2. The method of claim 1 , wherein the first predictive motion vector is associated with a first reference frame index, the second predictive motion vector is associated with a second reference frame index, the current block motion vector is associated with a third reference frame index and wherein when both the first predictive motion vector and the second predictive motion vector are available, and if one and only one of the first and second reference frame indices is the same as the third reference frame index, said method further characterized by: coding the difference between the current block motion vector and one of the first and second predictive motion vector associated with the same reference frame index as the third reference frame index for providing the difference motion vector, and using said one of the first and second predictive motion vector associated with the same reference frame index as the third reference frame index to predict the motion associated with the enhancement layer in a decoding process based on the difference motion vector.

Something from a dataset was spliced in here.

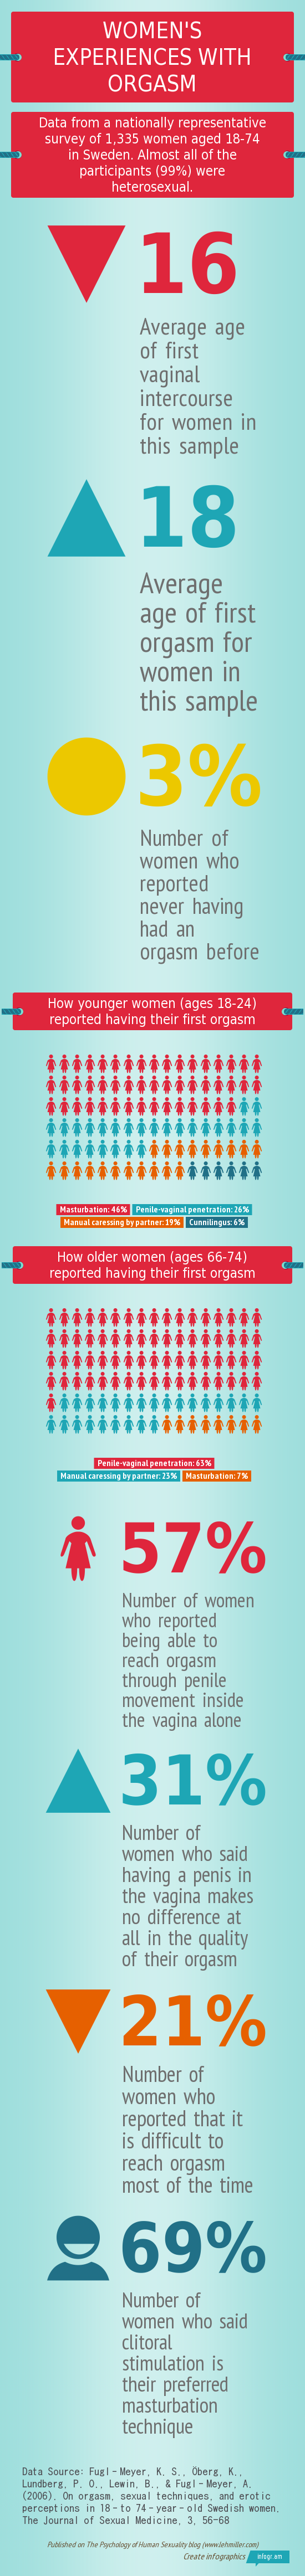 Infographic describing women's experiences with orgasm   

3. The method of claim 1 , wherein both the first predictive motion vector and the second predictive motion vector are available, said method further characterized by: computing a first difference vector associated with the first predictive motion vector, the first difference vector having a first amplitude; computing a second difference vector associated with the second predictive motion, the second difference vector having a second amplitude; and if the first amplitude is smaller than the second amplitude, coding the difference between the current block motion vector and the first predictive motion vector for providing a difference motion vector, and if the second amplitude is smaller than the first amplitude, coding the difference between the current block motion vector and the second predictive motion vector for providing the difference motion vector.
4. The method of claim 1 , wherein both the first predictive motion vector and the second predictive motion vector are available, said method further characterized by: obtaining a difference vector associated with the second predictive motion, the difference vector having an amplitude; and if the amplitude is greater than a predetermined value, coding the difference between the current block motion vector and the first predictive motion vector to obtain a difference motion vector.
5. The method of claim 1 , wherein both the first predictive motion vector and the second predictive motion vector are available, said method further characterized by: computing a difference value between the first predictive motion vector and the second predictive motion vector; and using the first predictive motion vector to predict the motion associated with the enhancement layer in the decoding process based on the coded difference between the current block motion vector and the first predictive motion vector if the difference value is within a predetermined range.
6. The method of claim 1, wherein both the first predictive motion vector and the second predictive motion vector are available, said method further characterized by: computing a difference value between the first predictive motion vector and the second predictive motion vector; and using the second predictive motion vector to predict the motion associated with the enhancement layer in the decoding process based on the coded difference between the current block motion vector and the second predictive motion vector if the difference value is within a predetermined range.
7. The method of claim 1 , wherein both the first predictive motion vector and the second predictive motion vector are available, said method further characterized by: computing a difference value between the first predictive motion vector and the second predictive motion vector; and computing the difference between the current block motion vector and a combination of the first and second predictive vectors to predict the motion associated with the enhancement layer in the decoding process based on the coded difference between the current block motion vector and said combination if the difference value is within a predetermined range.
8. The method of claim 6, characterized in that said combination is an average of the first and second predictive vectors.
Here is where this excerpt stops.